Git itself never walks above the repository root to assemble its ignore list. Its .gitignore resolution is strictly scoped: it reads .gitignore files from the repo root downward, the per-repo .git/info/exclude, and the user's global excludes file (via core.excludesFile). A .gitignore sitting in a parent directory above the repo root has no effect on git status, git ls-files, or any other git operation. Our file search should replicate this contract exactly.

The ignore crate's WalkBuilder has a require_git flag that controls whether it follows this contract:

  • require_git(false) (the previous setting): the walker reads .gitignore files from all ancestor directories, even those above or outside the repository root. This is a deliberate divergence from git's behavior in the ignore crate, intended for non-git use cases. It means a ~/.gitignore with * will suppress every file in the walk—something git itself would never do.

  • require_git(true) (this fix): the walker only applies .gitignore semantics when it detects a .git directory, scoping ignore resolution to the repository boundary. This matches git's own behavior: parent .gitignore files above the repo root have no effect.

The fix is a one-line change: require_git(false) becomes require_git(true).
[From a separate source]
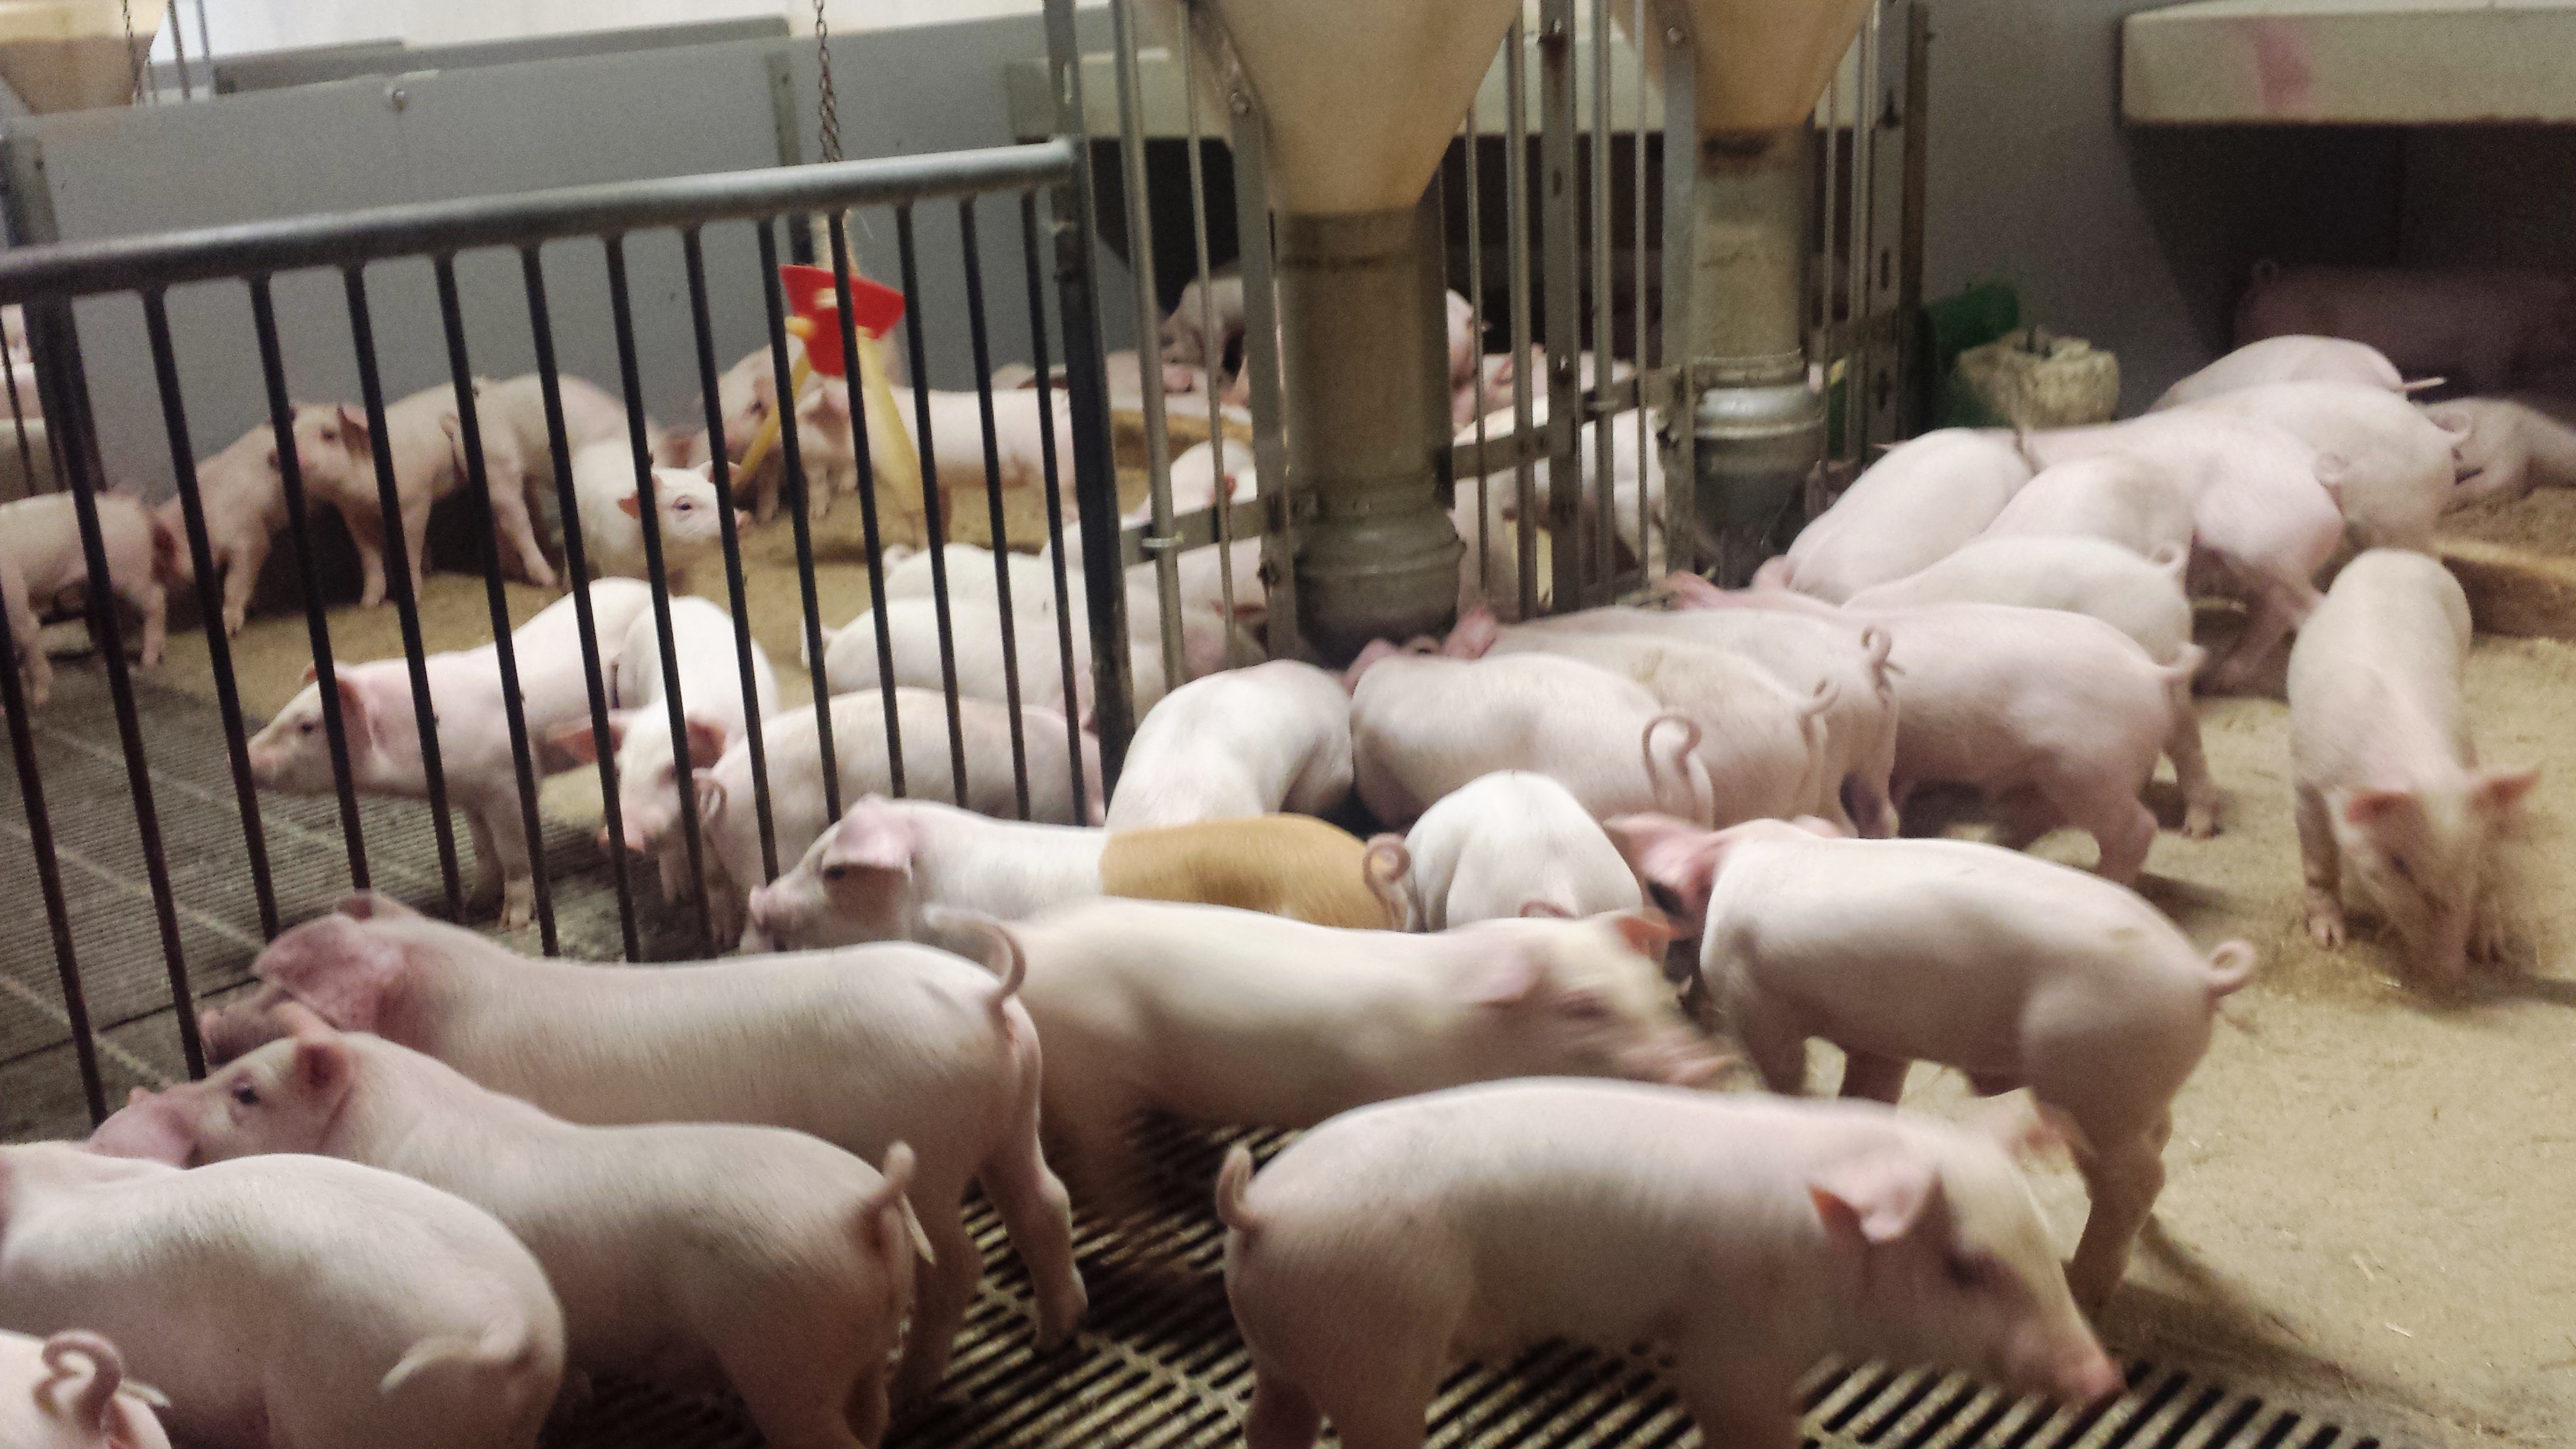 socialisation of young piglets in mixed group pens

How require_git(false) got here

The setting was introduced in af338cc (#2981, "Improve @ file search: include specific hidden dirs such as .github, .gitlab"). That PR's goal was to make hidden directories like .github and .vscode discoverable by setting .hidden(false) on the walker. The require_git(false) was added alongside it with the comment "Don't require git to be present to apply git-related ignore rules"—the author likely intended gitignore rules to still filter results even when no .git directory exists (e.g. searching an extracted tarball that has a .gitignore but no .git).
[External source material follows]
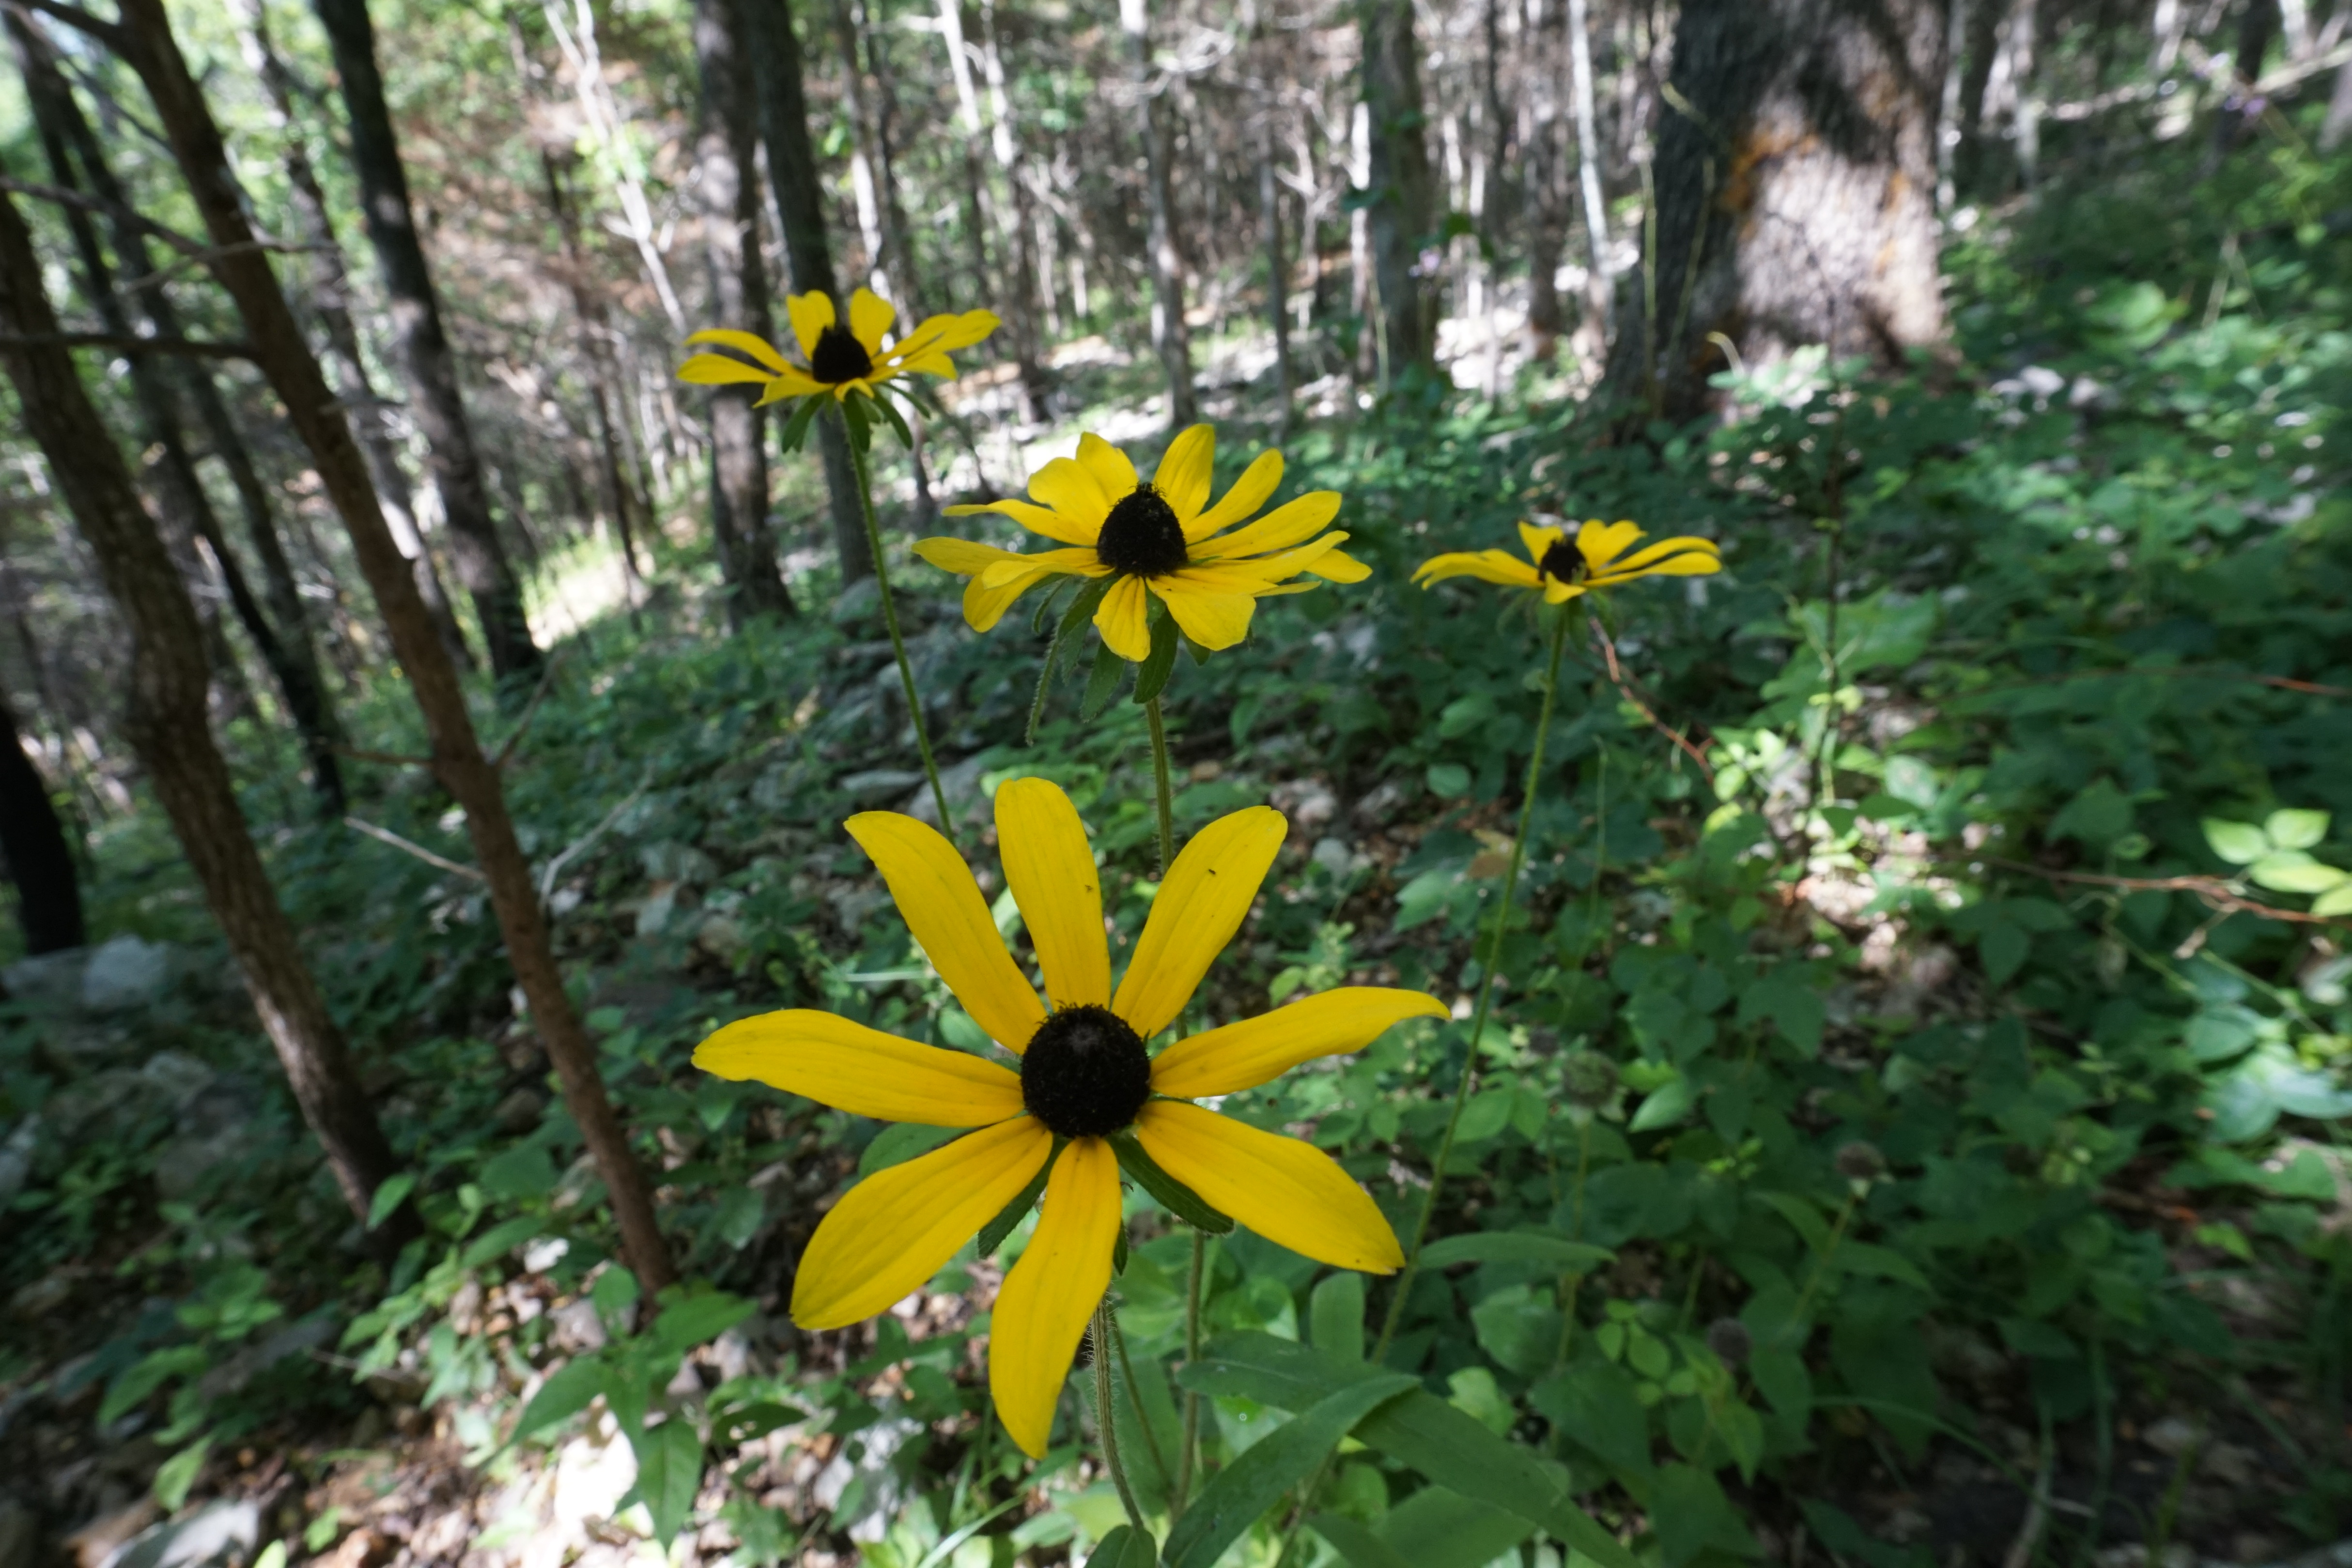 Woodland rudbeckia blooming in Echo Bluff State Park along Painter Ridge Trail.

The unintended consequence: with require_git(false), the ignore crate walks above the search root to find .gitignore files in ancestor directories. This is a side effect the original author almost certainly didn't anticipate. The PR message says "Preserve .gitignore semantics," but require_git(false) actually breaks git's semantics by applying ancestor ignore files that git itself would never read.
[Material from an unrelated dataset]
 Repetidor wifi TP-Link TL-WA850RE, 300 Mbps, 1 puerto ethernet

In short: the intent was "apply gitignore even without .git" but the effect was "apply gitignore from every ancestor directory." This fix restores git-correct scoping.

Non-goals

  • This PR does not change behavior when respect_gitignore is false (that path already disables all git-related ignore rules).
  • The first test (parent_gitignore_outside_repo_does_not_hide_repo_files) intentionally omits git init. The ignore crate's require_git(true) causes it to skip gitignore processing entirely when no .git exists, which is the desired behavior for that scenario. A second test (git_repo_still_respects_local_gitignore_when_enabled) covers the complementary case with a real git repo.

Tradeoffs

Behavioral shift: With require_git(true), directories that contain .gitignore files but are not inside a git repository will no longer have those ignore rules applied during @ search. This is a correctness improvement for the primary use case (searching inside repos), but changes behavior for the edge case of searching non-repo directories that happen to have .gitignore files. In practice, Codex is overwhelmingly used inside git repositories, so this tradeoff strongly favors the fix.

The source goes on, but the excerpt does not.